Speaking Thursday in the Diplomatic Reception Room of the White House, United States President Barack Obama presented new proposals for financial reform.

“While the financial system is far stronger today than it was a year one year ago, it is still operating under the exact same rules that led to its near collapse,” said President Barack Obama. “My resolve to reform the system is only strengthened when I see a return to old practices at some of the very firms fighting reform; and when I see record profits at some of the very firms claiming that they cannot lend more to small business, cannot keep credit card rates low, and cannot refund taxpayers for the bailout. It is exactly this kind of irresponsibility that makes clear reform is necessary.”

Obama’s two key proposals were to limit the types of operations that a bank may undertake and to limit the size of the largest financial firms.

Under the proposals banks would be prevented from owning or investing in hedge fund or a private equity fund. Nor would they be allowed to sponsor such funds. To limit size of financial institutions, further consolidation of the financial sector by restricting growth in the market share of their liabilities.

Obama called the restrictions on banking operations the “Volcker Rule” in reference to Paul Volcker, the chair of the President’s Economic Recovery Advisory Board. These activities are “unrelated to serving their customers,” Obama said.

According to Obama, the current “economic crisis began as a financial crisis, when banks and financial institutions took huge, reckless risks in pursuit of quick profits and massive bonuses. When the dust settled, and this binge of irresponsibility was over, several of the world’s oldest and largest financial institutions had collapsed, or were on the verge of doing so. Markets plummeted, credit dried up, and jobs were vanishing by the hundreds of thousands each month. We were on the precipice of a second Great Depression.”

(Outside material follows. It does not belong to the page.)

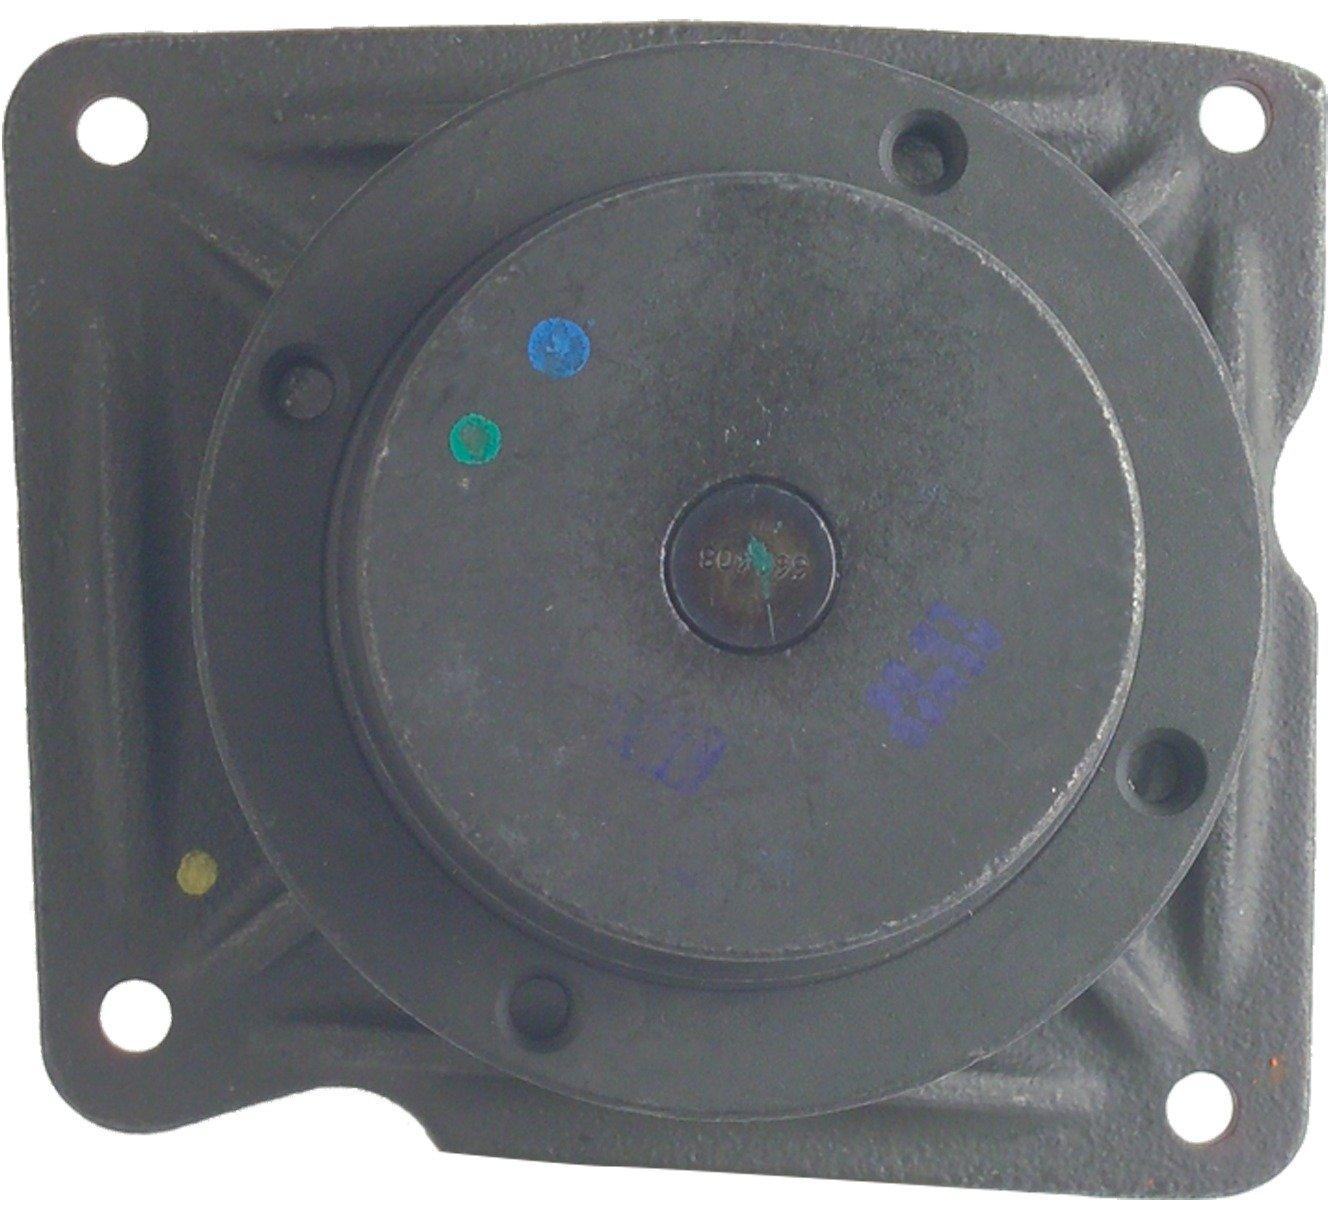 Cardone 59-8186 Remanufactured Heavy Duty Water Pump

The President said his administration is seeking to protect consumers and close loopholes that allowed financial products such as credit default swaps without oversight. The goal would be to strengthen capital and liquidity requirements to make the financial system more stable. Another goal of Obama’s reforms would be to ensure that the failure of one firm could not take the entire economy.

“We’ve come through a terrible crisis. The American people have paid a very high price. We simply cannot return to business as usual. That’s why we’re going to ensure that Wall Street pays back the American people for the bailout. That’s why we’re going to rein in the excess and abuse that nearly brought down our financial system,” Obama said in closing.

Before any of the proposals can go into effect, they will have to be passed into law by both houses of the United States Congress.